ABOUT THIS EXERCISE
Once you find the line with "Bleistiftzeichnung, Portraitzeichnung - Mann" in the listing below, set down exactly every line from it through the line with "ベルト盆地プロフェッショナルHANDAIYAN Liquid Pearly", but no pictures.

MATERIALS PROVIDED
━━━━━━━━━━

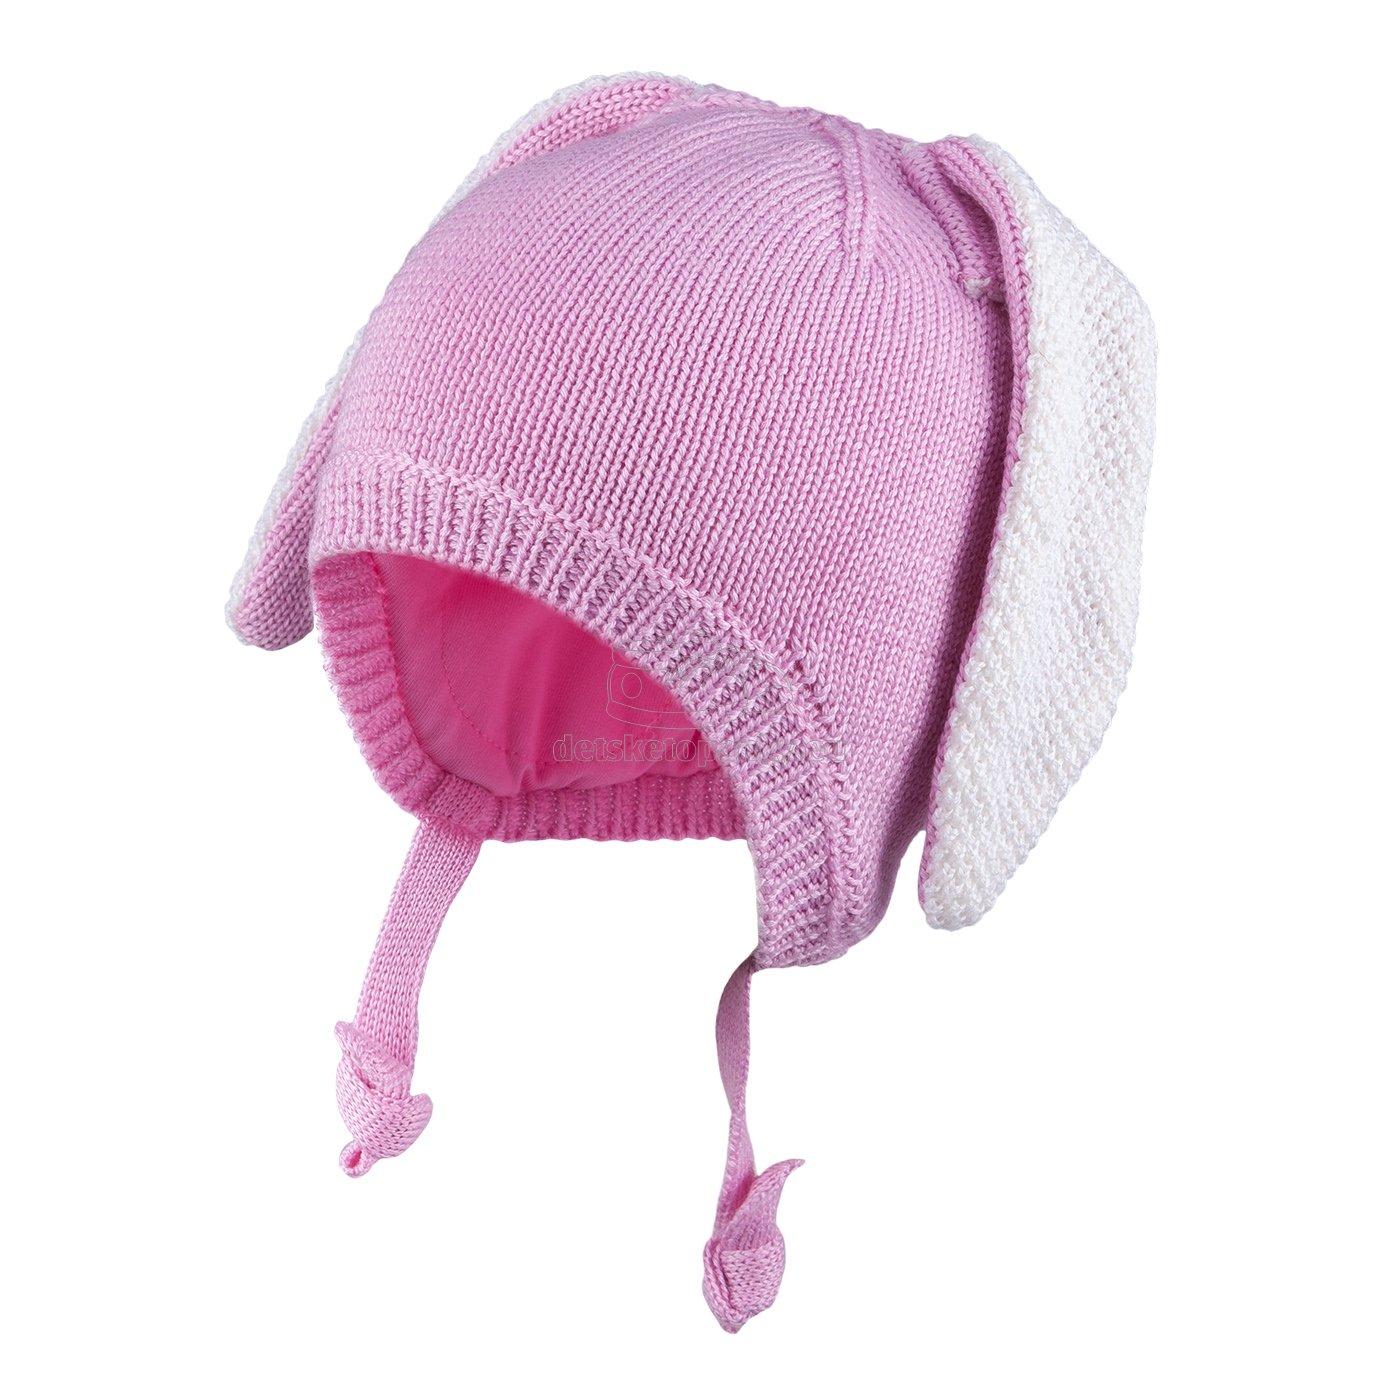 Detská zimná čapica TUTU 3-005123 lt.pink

━━━━━━━━━━

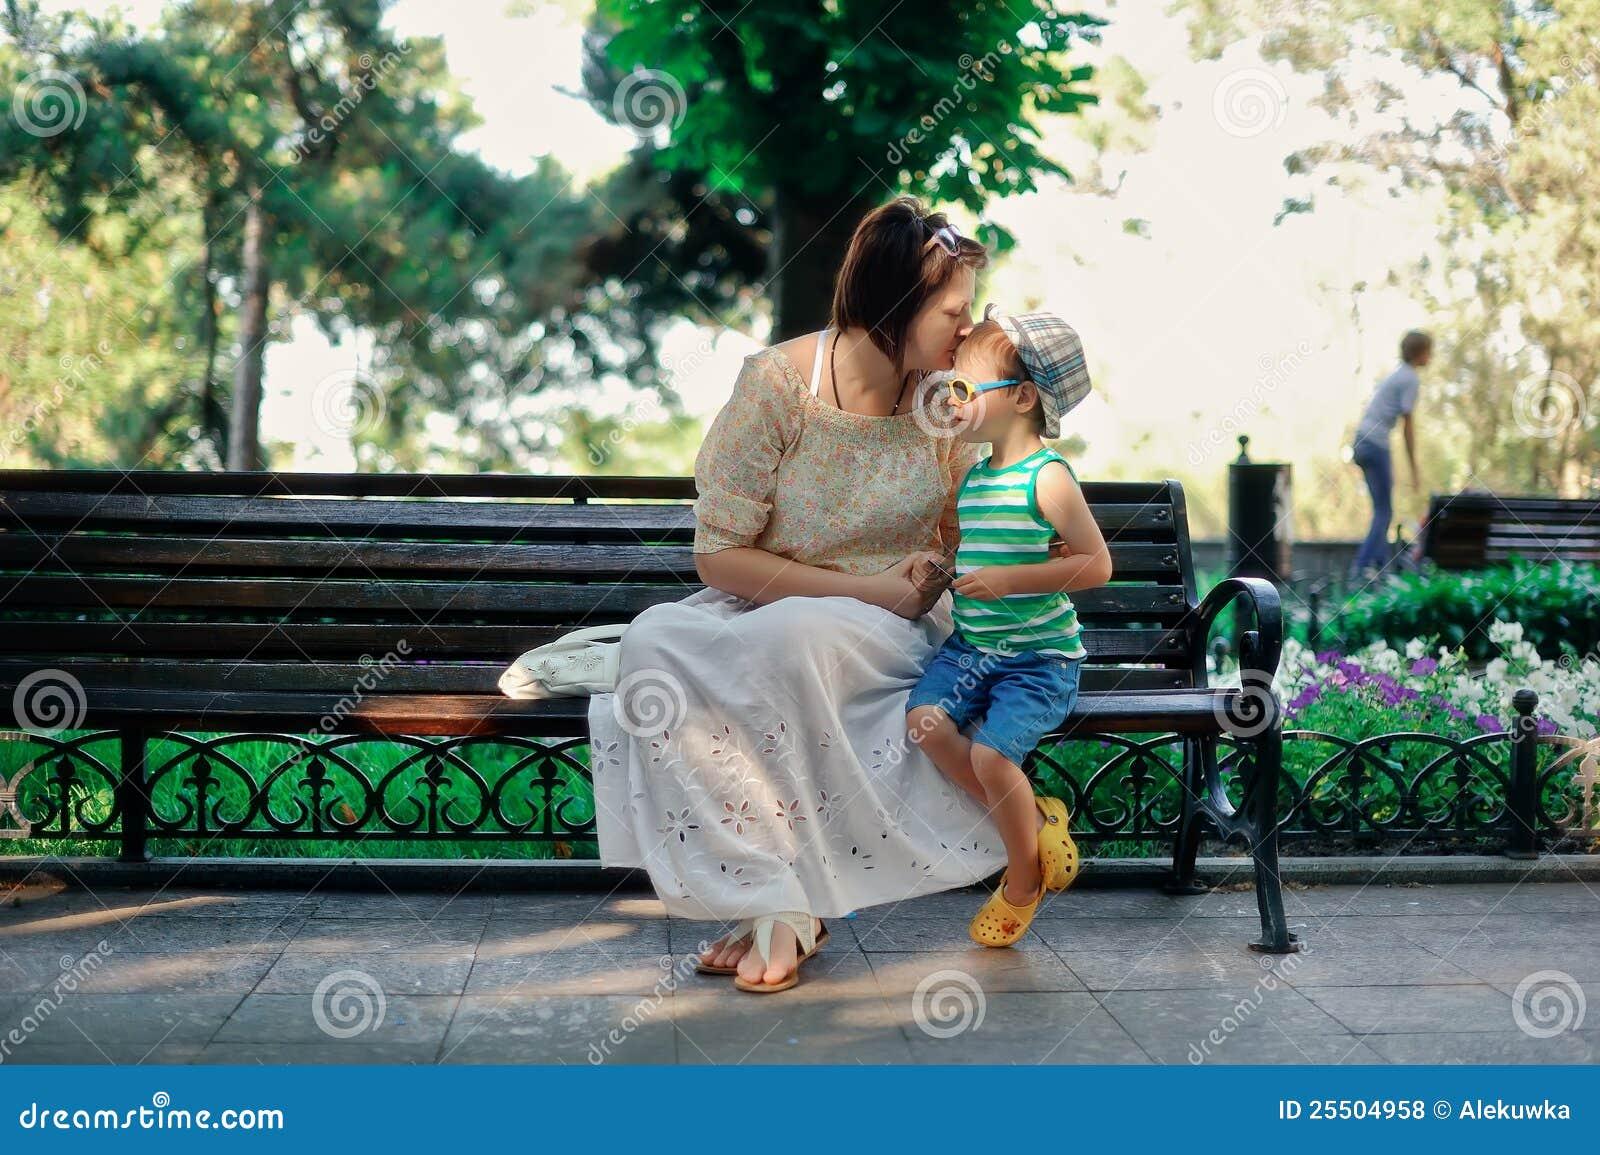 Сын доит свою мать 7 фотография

━━━━━━━━━━

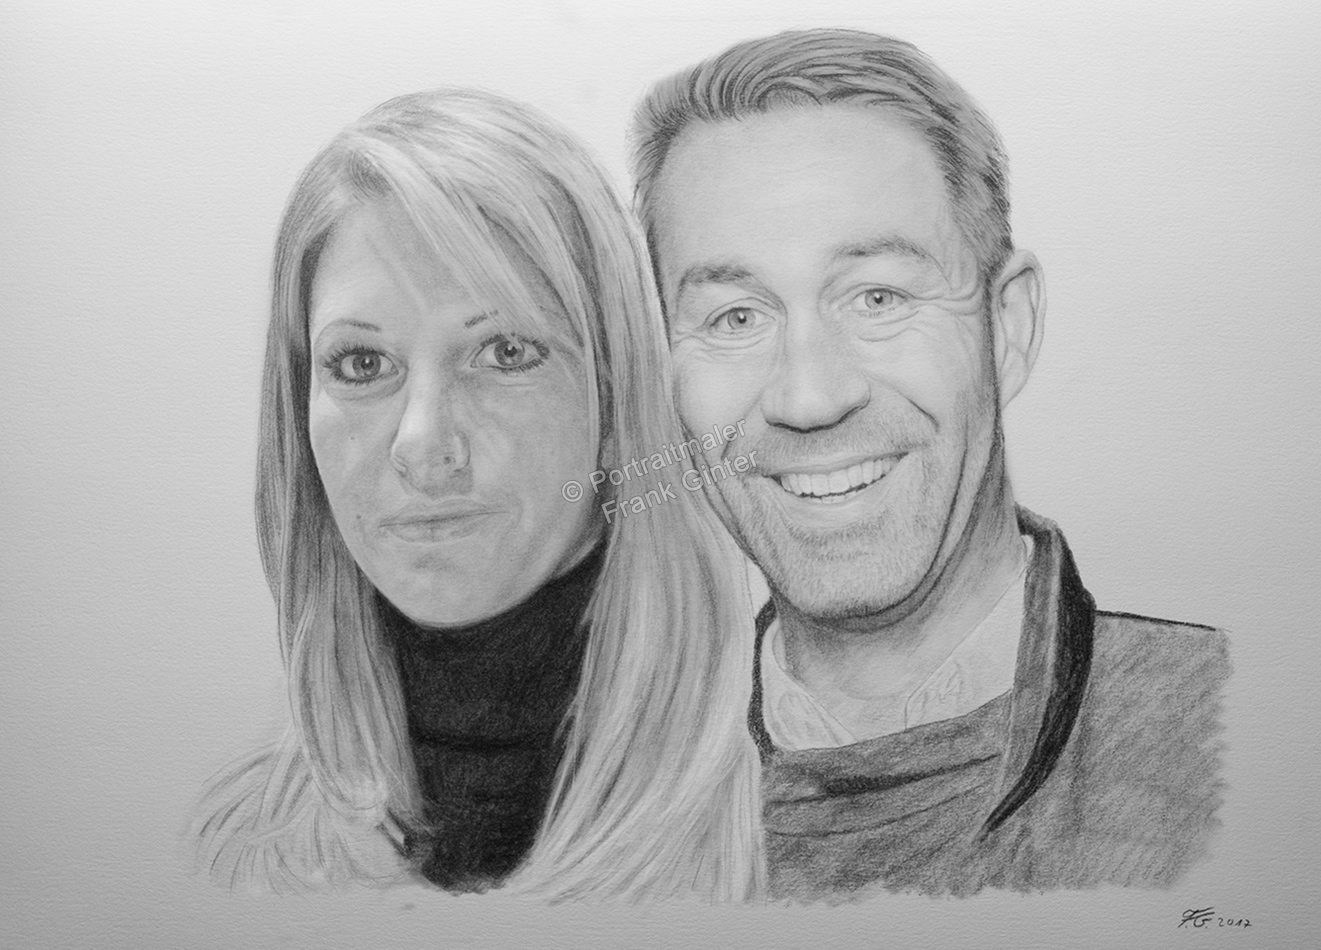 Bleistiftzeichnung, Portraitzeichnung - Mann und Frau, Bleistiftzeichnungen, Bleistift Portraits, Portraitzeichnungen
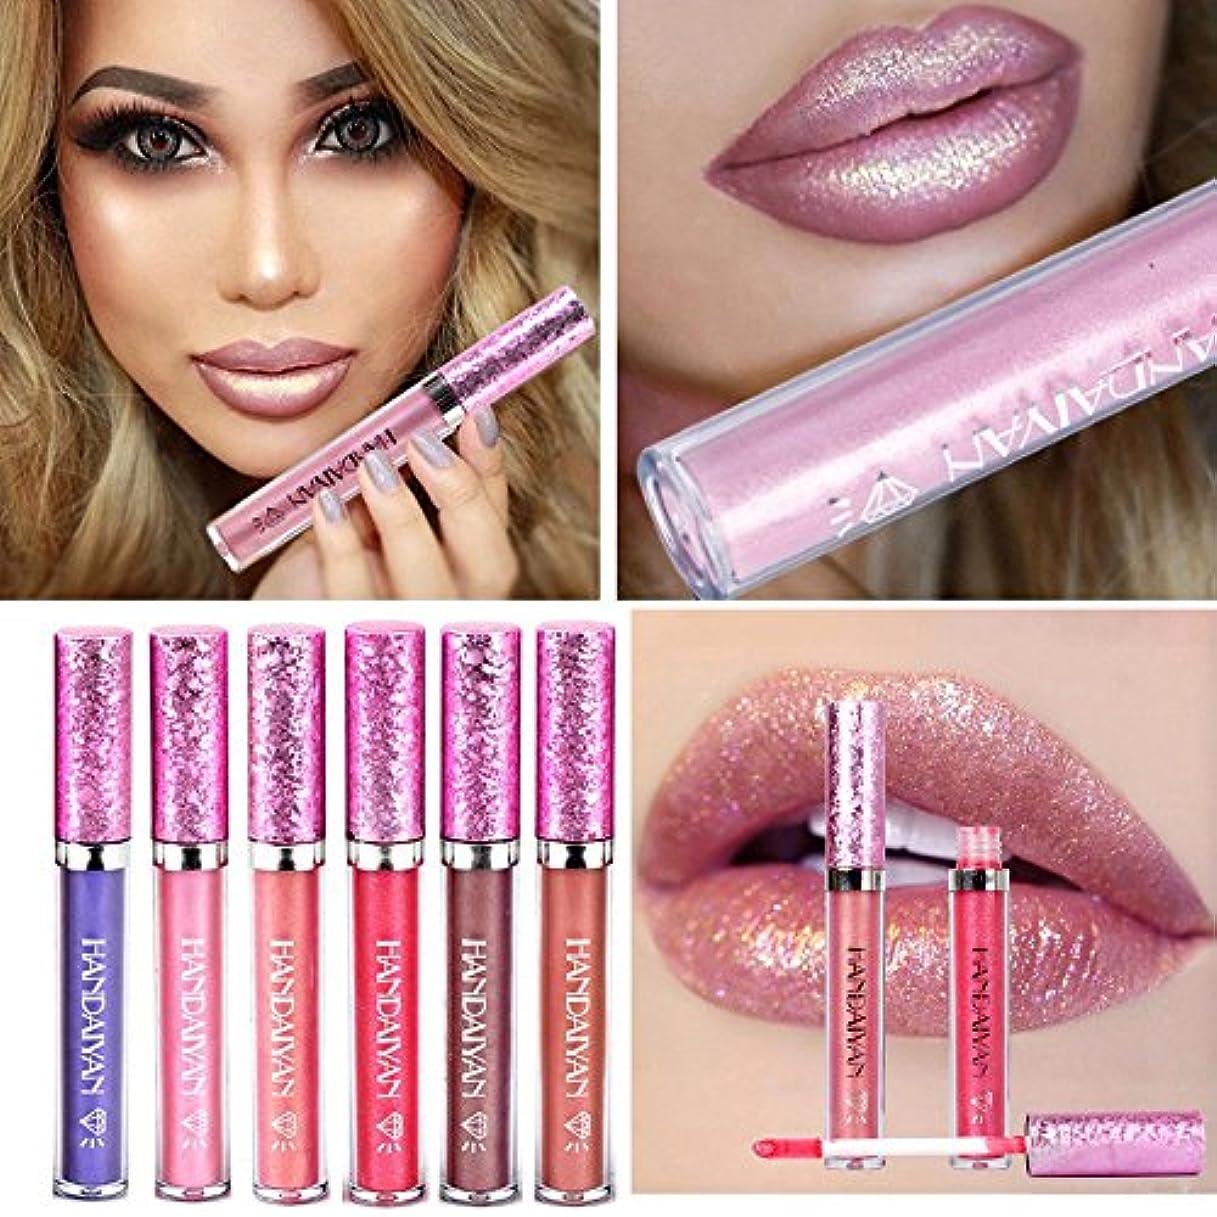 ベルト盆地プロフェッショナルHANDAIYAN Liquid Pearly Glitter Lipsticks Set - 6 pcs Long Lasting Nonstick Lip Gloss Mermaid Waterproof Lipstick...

━━━━━━━━━━

WRITTEN ANSWER
 Bleistiftzeichnung, Portraitzeichnung - Mann und Frau, Bleistiftzeichnungen, Bleistift Portraits, Portraitzeichnungen
 ベルト盆地プロフェッショナルHANDAIYAN Liquid Pearly Glitter Lipsticks Set - 6 pcs Long Lasting Nonstick Lip Gloss Mermaid Waterproof Lipstick...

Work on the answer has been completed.